Penyebaran agama Islam di wilayah Banten dilakukan secara intensif sejak masa pemerintahan Sultan Maulana Hasanuddin (1526-1570). Ajaran Islam disebarkan, baik di kawasan pesisir maupun di daerah pedalaman. Maulana Hasanuddin merupakan tokoh sekaligus penguasa pertama di Banten yang menyebarkan agama Islam. 

Dalam proses islamisasi dan merebut kekuasaan, tentulah ada persaingan politik dengan penguasa lokal, yang saat itu yang dipimpin Prabu Pucuk Umun, adipati Kerajaan Banten Sunda.

Sebelum Maulana Hasanuddin datang, Banten sudah dipandang maju dari segi ekonomi dan kebudayaan. Kebudayaan tersebut bersumber dari ajaran Hindu dan Buddha. Lalu dari segi ekonomi juga sudah mempunyai hubungan dengan daerah lain. 

Begitu kekuasaan beralih kepada Maulana Hasanuddin pada 1525, terjadilah perubahan radikal yang juga berpengaruh pada penyebaran Islam di Banten, bahkan di Nusantara. Paling tidak, ada tiga perubahan besar yang dilakukan Sultan Banten untuk menyebarkan Islam di wilayah barat pulau Jawa itu.
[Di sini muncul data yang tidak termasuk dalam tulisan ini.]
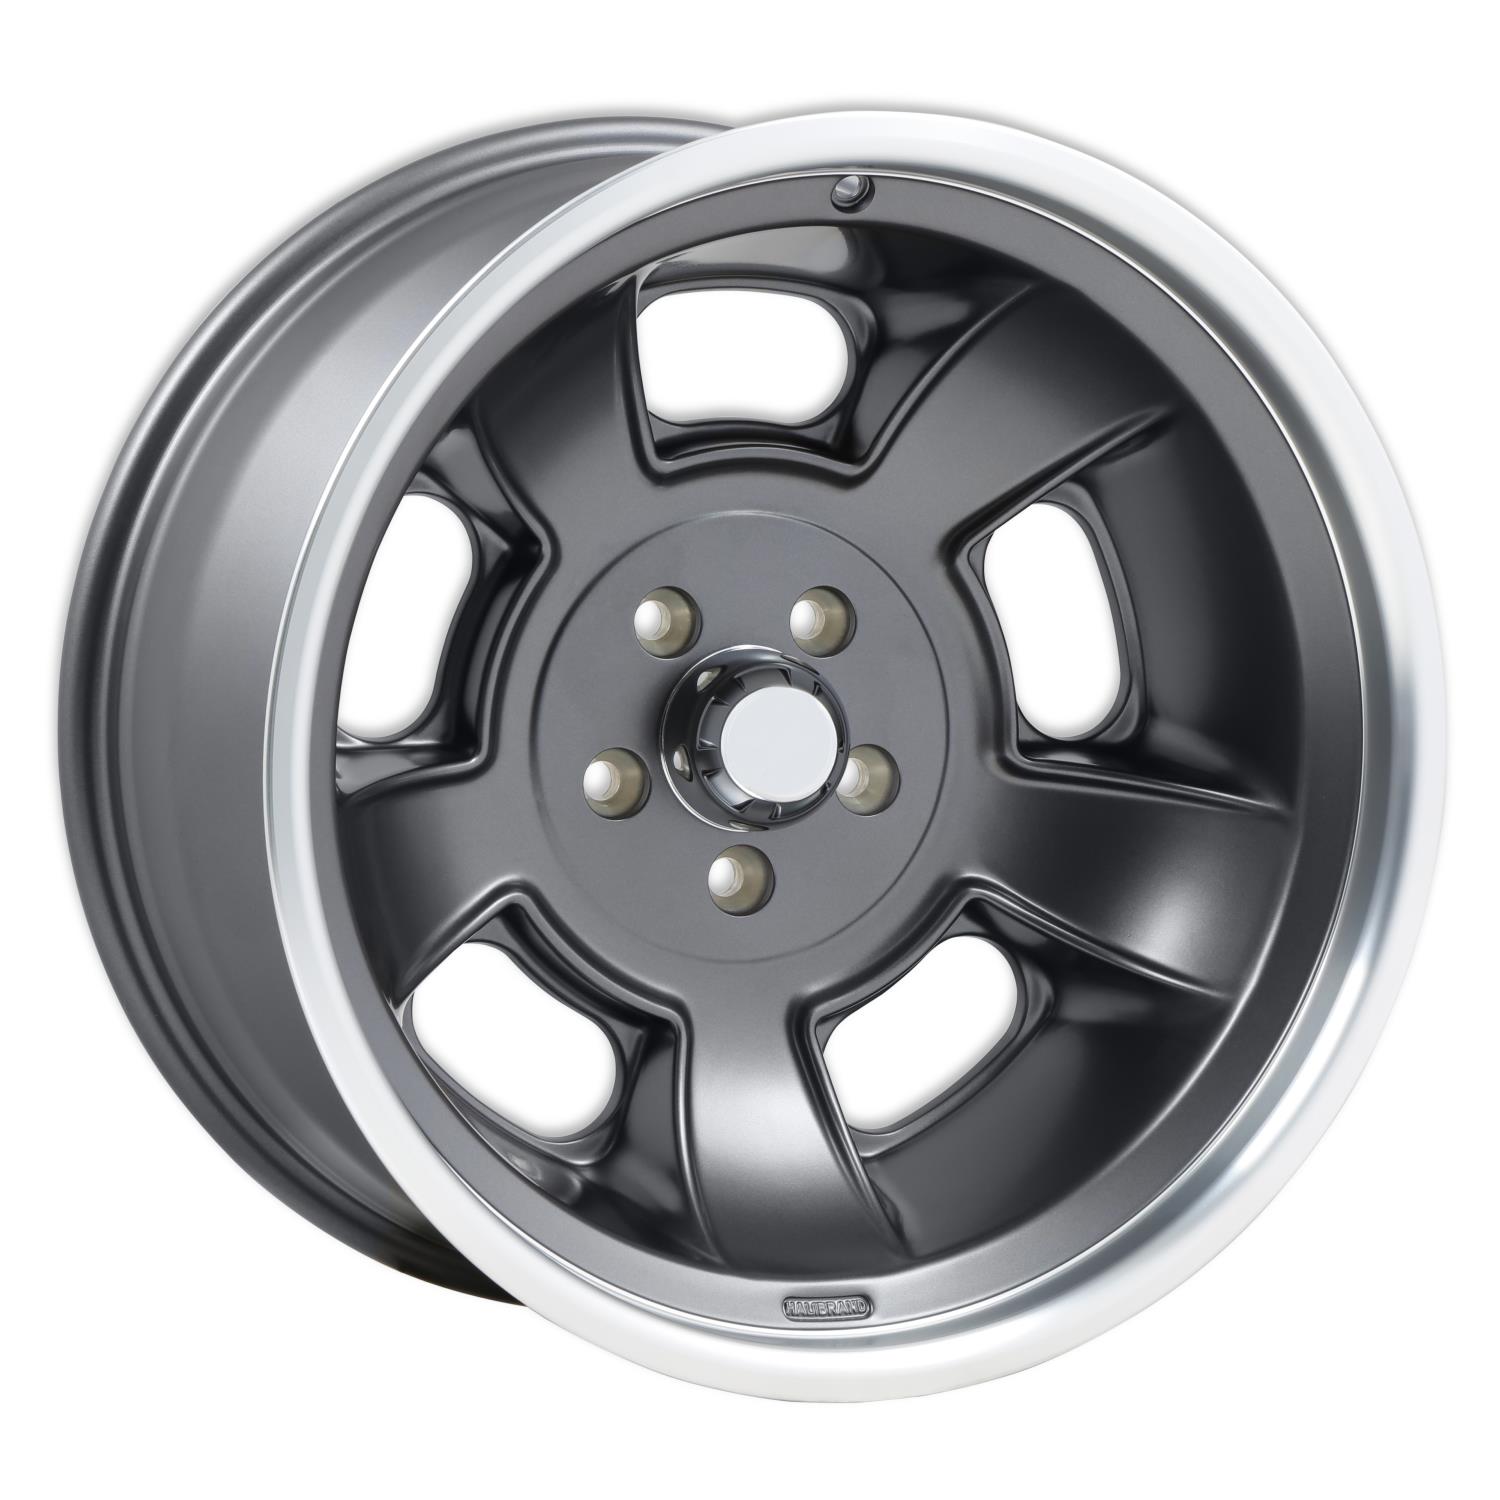 Sprint Rear Wheel, Size: 20x10", Bolt Pattern: 5x5", Backspace: 4" [Anthracite with Machined Lip - Semi Gloss Clearcoat]

Pertama, perubahan dalam bidang politik. Sultan Banten mengubah politik dan pemerintahan yang bersumber dari Hindu-Budha menjadi politik bernuansa Islam. Banten yang semula hanya sebuah kadipaten dari Kerajaan Banten Sunda, kemudian menjadi suatu negara yang berdaulat.

Menjadikan Banten negara berdaulat merupakan bagian dari misi Maulana Hasanuddin untuk mengislamkan masyarakat Banten, sesuai dengan tugas yang diberikan oleh ayahnya, Sunan Gunung Djati. Maka,  tak bisa dipisahkan proses islamisasi serta muatan Islam di dalam kekuasaan Sultan Banten yang pertama dan seterusnya.

Kedua, perubahan dalam bidang kebudayaan. Perubahan dari budaya masyarakat yang bersumber dari ajaran Hindu Budha hingga beralih ke budaya yang bersumber dari ajaran Islam.  Sehingga terjadi akulturasi budaya dan dialog kultural antara budaya Sunda yang Hindu dengan kebudayaan Islam. 

‘’Dialog inilah yang menimbulkan kekhasan kebudayaan Banten,’’ ungkap Prof. MA Tihami, Rektor IAIN Sultan Maulana Hasanuddin. Menurut dia, peran yang dimainkan oleh Sultan Hasanuddin dalam ‘dialog budaya’ ini merupakan strategi dakwah yang meniru watak Walisongo dalam menyebarkan Islam.  Misalnya, menggunakan media wayang kulit yang merupakan kebudayaan yang sudah ada sebelum Islam.

Wayang kulit digunakan sebagai media dakwah dalam mengembang kebudayaan Islam untuk memberikan visualisasi bagaimana menjadi pribadi Muslim dan  seorang muslim dalam bermasyarakat. ‘’Walisongo berdakwah melalui visualisasi wayang. Nah, begitu juga yang dilakukan Maulana Hasanuddin di Banten,’’ ujar Prof Tihami.

Ketiga, perubahan ekonomi. Maulana Hasanuddin lakukan perubahan ekonomi dengan cara memindahkan pusat pemerintahannya dari Banten Girang ke Surosowan yang berada di pesisir pantai. Hal ini dilakukan untuk menunjukkan independensi kekuasaan, termasuk independensi dalam bidang ekonomi. 

Kota Surosowan yang dibangun di wilayah pesisir, sangat potensial untuk berkembang secara ekonomi, dengan didukung pengembangan Palabuhan Karangantu, sebagai pelabuhan internasional atau transnasional.  Setelah pusat pemerintahan dipindah ke Surosowan maka jaringan ekonomi mulai dibangun oleh sultan.  ‘’Kesultanan mesti didukung kekuatan ekonomi penuh,’’ papar Prof Tihami.